The monastery was built in the 12th century and belonged to the Benedictine order. In 1217 Pope Honorius III granted several privileges to the monastery and, in 1384, Gian Galeazzo Visconti had the church restored and embellished. In 1421 the bishop of Pavia Pietro Grassi donated the monastery to the Order of Friars Minor, who in 1458 had the church rebuilt, making it frescoed by Vincenzo Foppa. In 1478 he came to San Giacono della Vernavola, Bernardine of Feltre, the future Blessed, who, after several moves, settled permanently in the monastery in 1493 where he died the following year, and his cell is still preserved inside the buildings that made up the monastery. In October 1524 the monastery was occupied by the army of the king of France Francis I during the siege of Pavia. For long months, until the battle of February 1525, the friars had to accommodate contingents of Swiss mercenaries in the service of the king of France. The church was renovated in 1730ː the vault and the walls were frescoed by Pietro Antonio Magatti, while the chapels were enriched by large paintings by Carlo Antonio Bianchi, Johann Christoph Storer and Francesco Bianchi. In 1805 the monastery was suppressed by decision of the Kingdom of Italy, and in 1806 it became the Agricultural Garden of the Faculty of Agronomy of the University of Pavia.
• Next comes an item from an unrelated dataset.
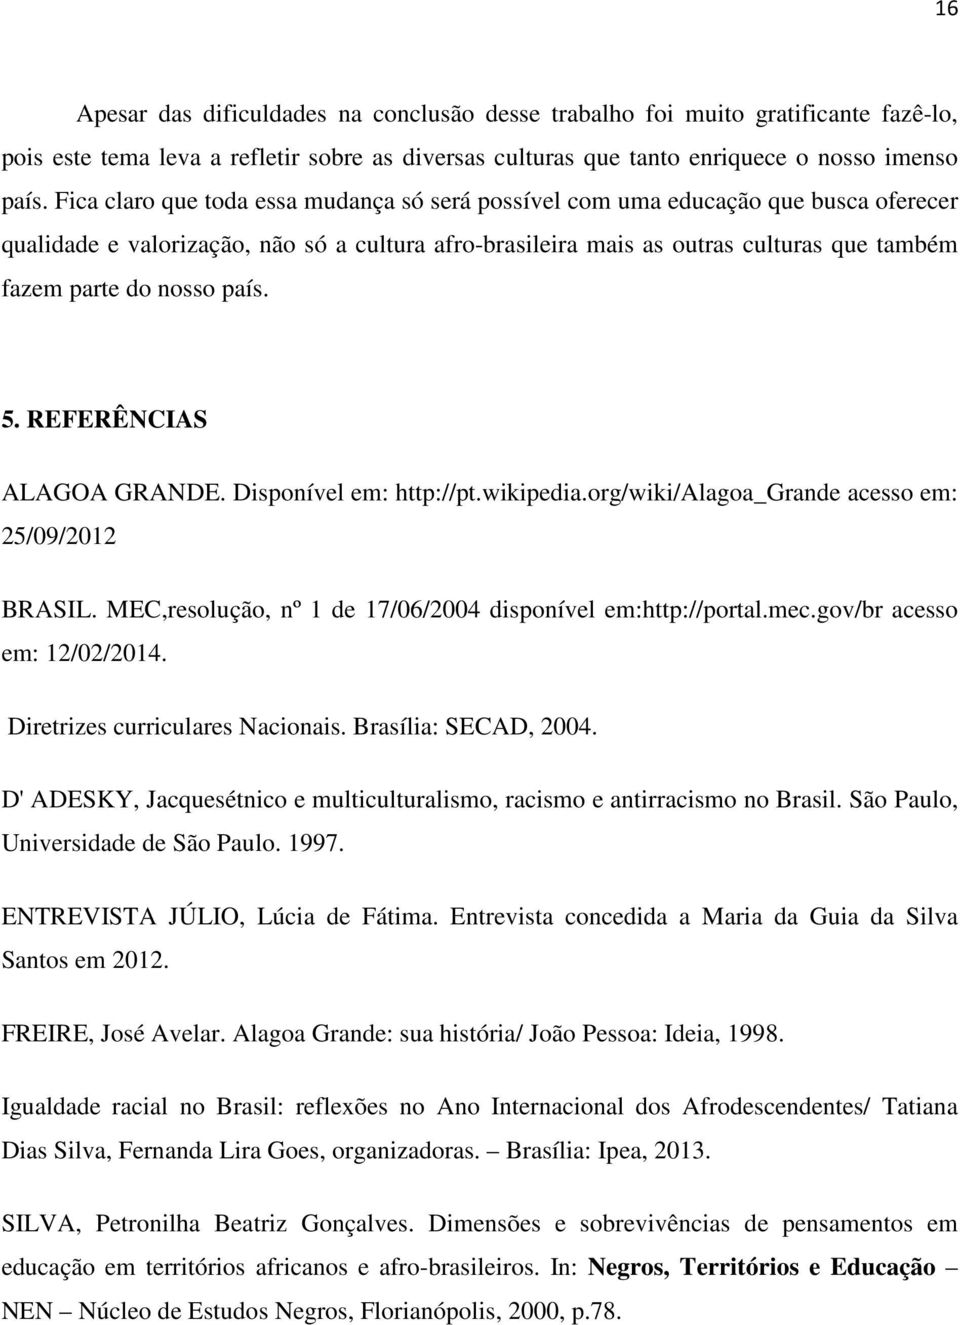 país. 5. REFERÊNCIAS ALAGOA GRANDE. Disponível em: http://pt.wikipedia.org/wiki/alagoa_grande acesso em: 25/09/2012 BRASIL. MEC,resolução, nº 1 de 17/06/2004 disponível em:http://portal.mec.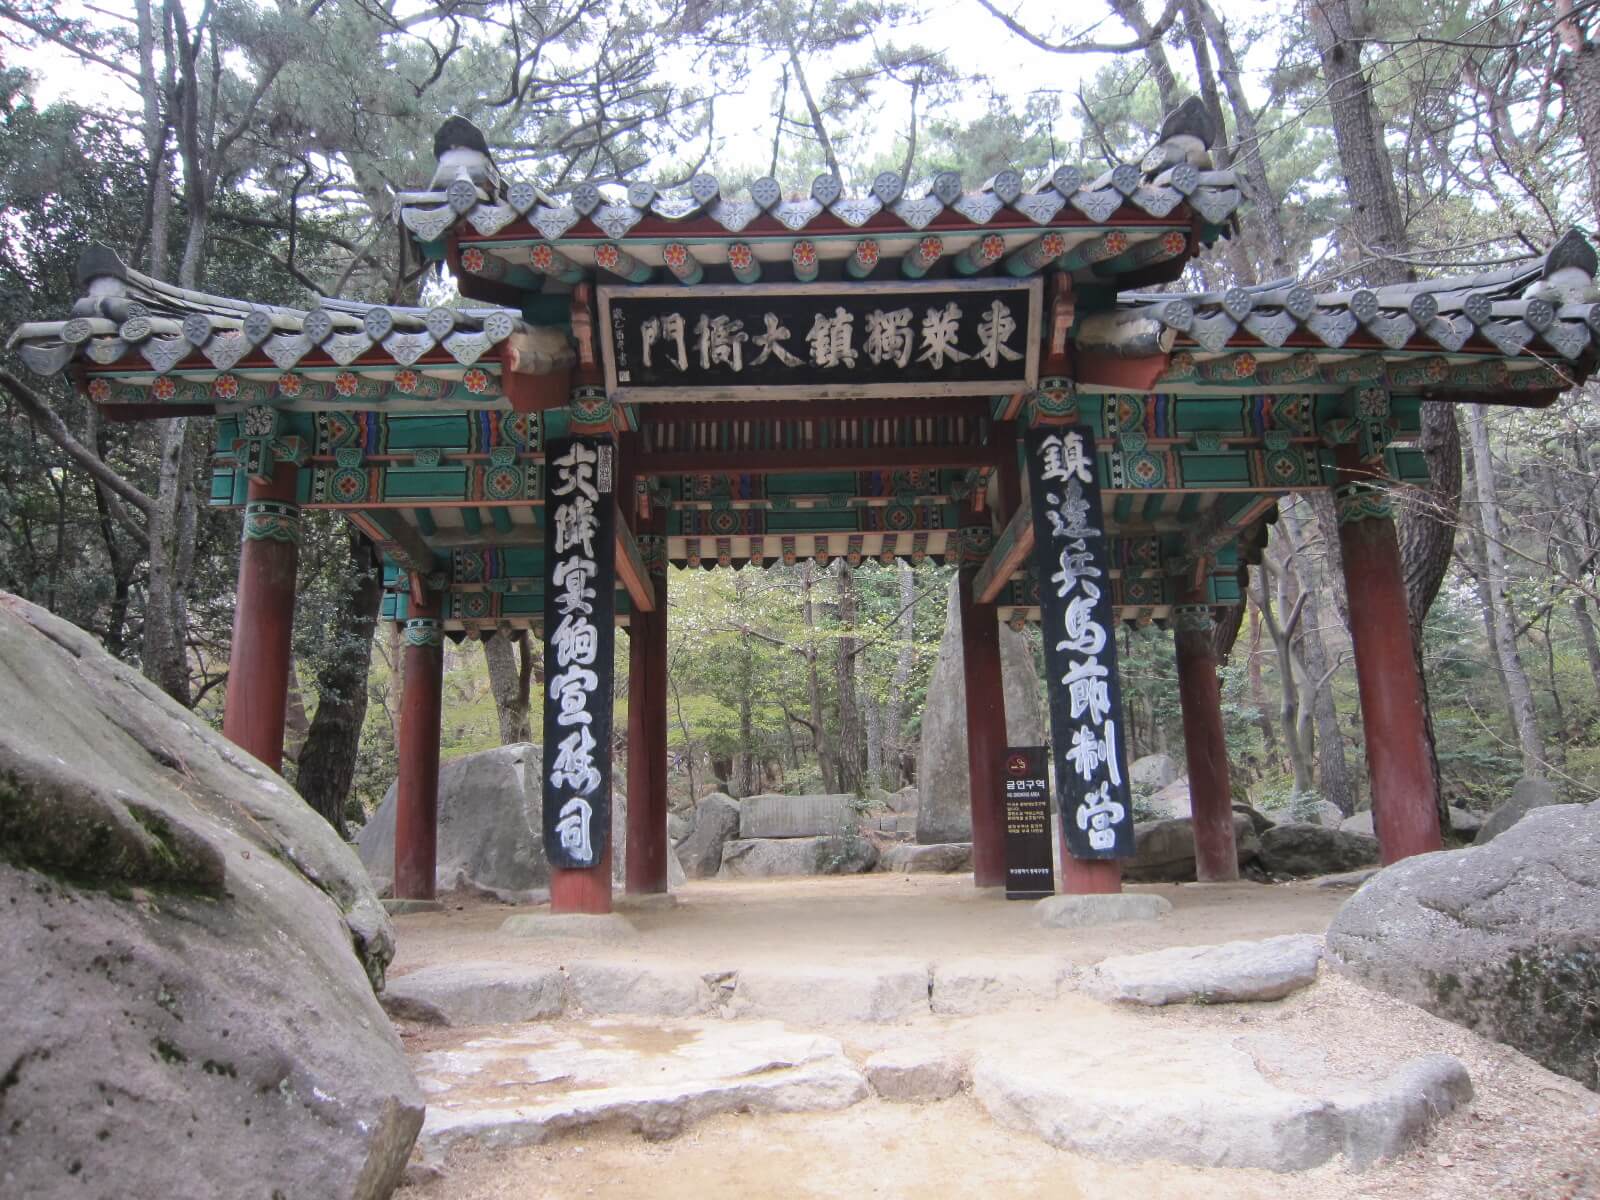 Gate, Busan

In 1808 the church, the bell tower and the cloister were demolished, while in 1838 the south façade of the neoclassical building was built to a design by Giuseppe Marchesi. On the top of the tympanum of the facade is still the double-headed eagle in Viggiù stone, symbol of the Austrian Empire. In 1859, with the passage of Lombardy from the Austrian Empire to the Kingdom of Italy, the Faculty of Agriculture was closed, and the complex became home to the geophysical observatory of the University of Pavia, so much so that a geodynamic pavilion was built. In 1994 the former monastery was ceded by the University of Pavia to the Carabineri Command of the Forest, Environmental and Agri-food units. Of the ancient monastery are preserved, in addition to the cell of Blessed Bernardine of Feltre and the surrounding wall, also a chapel with a porch of the 16th century, in which remains of frescoes persist.